While working for the federal government, Weisgrau got involved in rural health. It was in that field that he met Steve McDowell, of Lawrence, who asked if he wanted to partner with him on a rural health consulting firm in Kansas. Weisgrau, a city boy through and through, thought McDowell was joking. He wasn’t. Weisgrau visited Lawrence, liked what he saw and decided to make it his home.

He worked for nearly a decade consulting rural communities and states across the nation on how to design systems that preserved their access to health care. He later did research for the Kansas Health Institute and advised Lawrence call center Vangent after it got the contract to operate 1-800-MEDICARE (Weisgrau notes that the Affordable Care Act hotline, which Vangent will also run, will not be 1-800-OBAMACARE).

A few years ago, six Kansas health foundations came together and decided they needed a way to inform Kansans directly about the new health care law. They needed a public face to spearhead that effort, to people in the state not only about the broad aims of the Affordable Care Act but the minutiae as well. They needed a health-policy guru. They called Weisgrau.

“He really understands what the health care law is all about and he’s worked in some of those systems, so he’s very knowledgeable about how it affects not only consumers but providers and other nonprofit organizations,” said Billie Hall, CEO of the Topeka-based Sunflower Foundation, one of the six Kansas health foundations that make up the Kansas Grantmakers in Health consortium. Hall said that while the role wasn’t designed specifically for Weisgrau it might as well have been. “There aren’t many people out there who can bring all of those things to the table.”

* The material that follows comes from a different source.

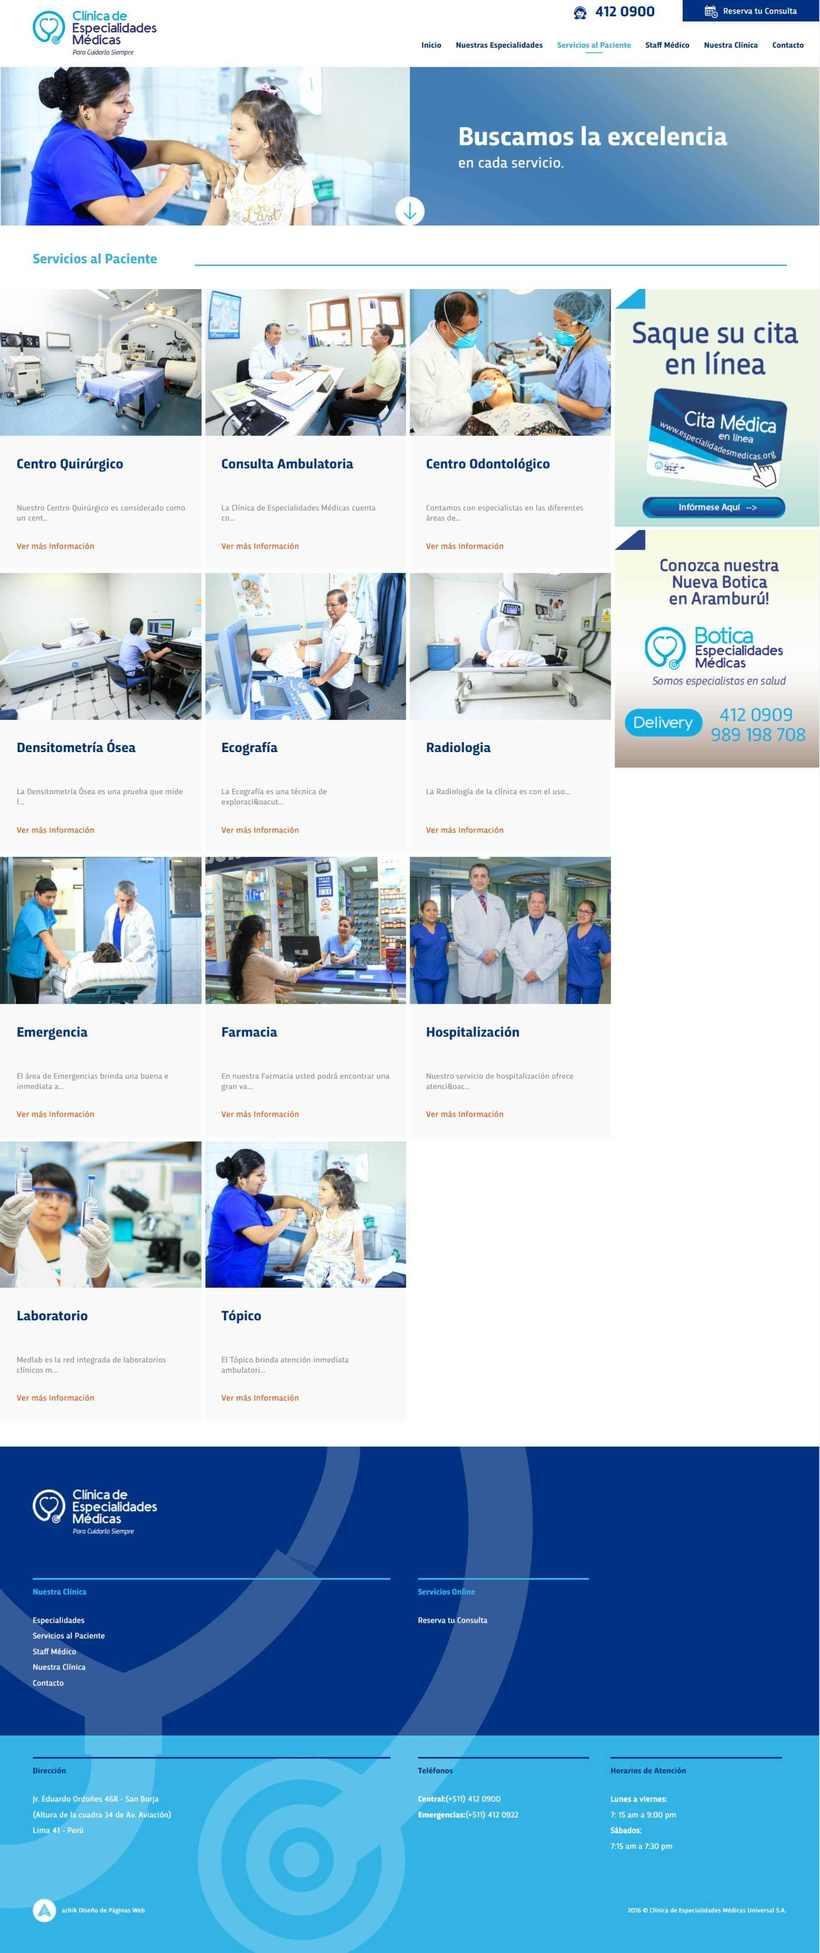 Clínica Especialidades Médicas 2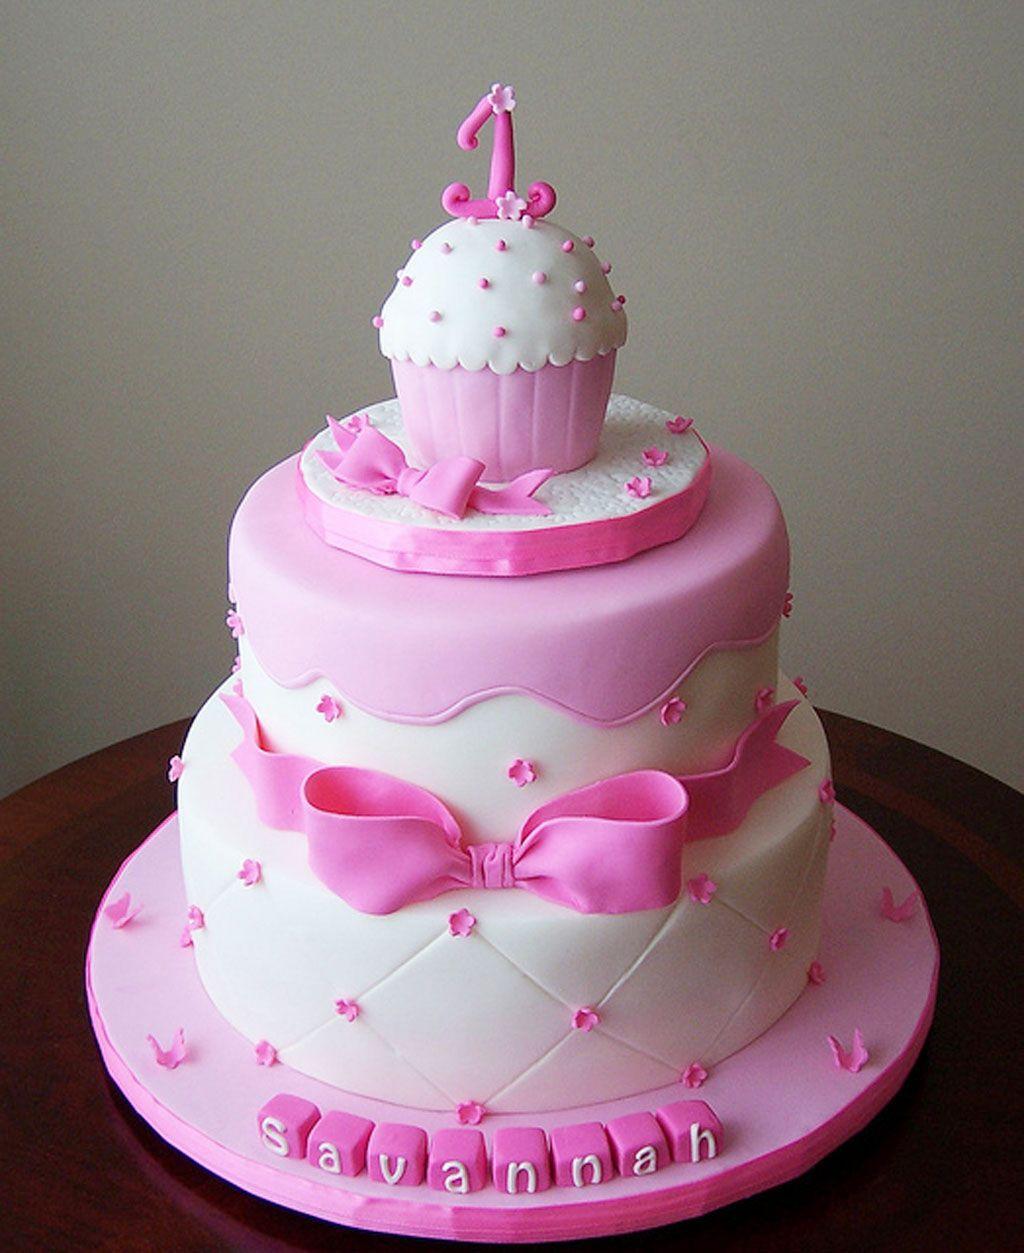 Birthday Cake Gorgeous Cakes Birthday Cake Girls 1st Birthday

Walking health-policy dictionary

Weisgrau is blessed with the unique ability to break down wonky policy details into succinct sound bites without losing the complexity. For example, he says the Affordable Care Act will give more people private insurance and more people public insurance; the basic way America pays for its health care will not change.

“He’s like a Yoda of health care in a lot of ways,” said Jon Stewart, CEO of Lawrence’s Heartland Community Health Center. “He’s been doing this his whole life, so he’s very articulate.”

“He does a great job of trying to bring these issues down to a very basic level where folks can understand it,” added Linda Sheppard, director of health care policy and analysis at the Kansas Insurance Department, who has served on several panels with Weisgrau and, like him, is one of the few people in Kansas to have read the entire 960-page Affordable Care Act. “I would definitely consider him to be one of the most informed people about the law in our state.”

Weisgrau has an agreement to head the Health Reform Resource Project through 2015. Beyond that, he isn’t sure what he’ll be doing but knows his services will be needed somewhere.

“If in some magical fantasy world, the Affordable Care Act was implemented perfectly and worked as expected, we’re still going to have health policy problems we’re going to have to deal with,” he said, later adding: “Health care is never going to be like buying a toaster. We’re never going to understand it as well as our providers do. We’re always going to have to rely on getting good advice from people we trust.”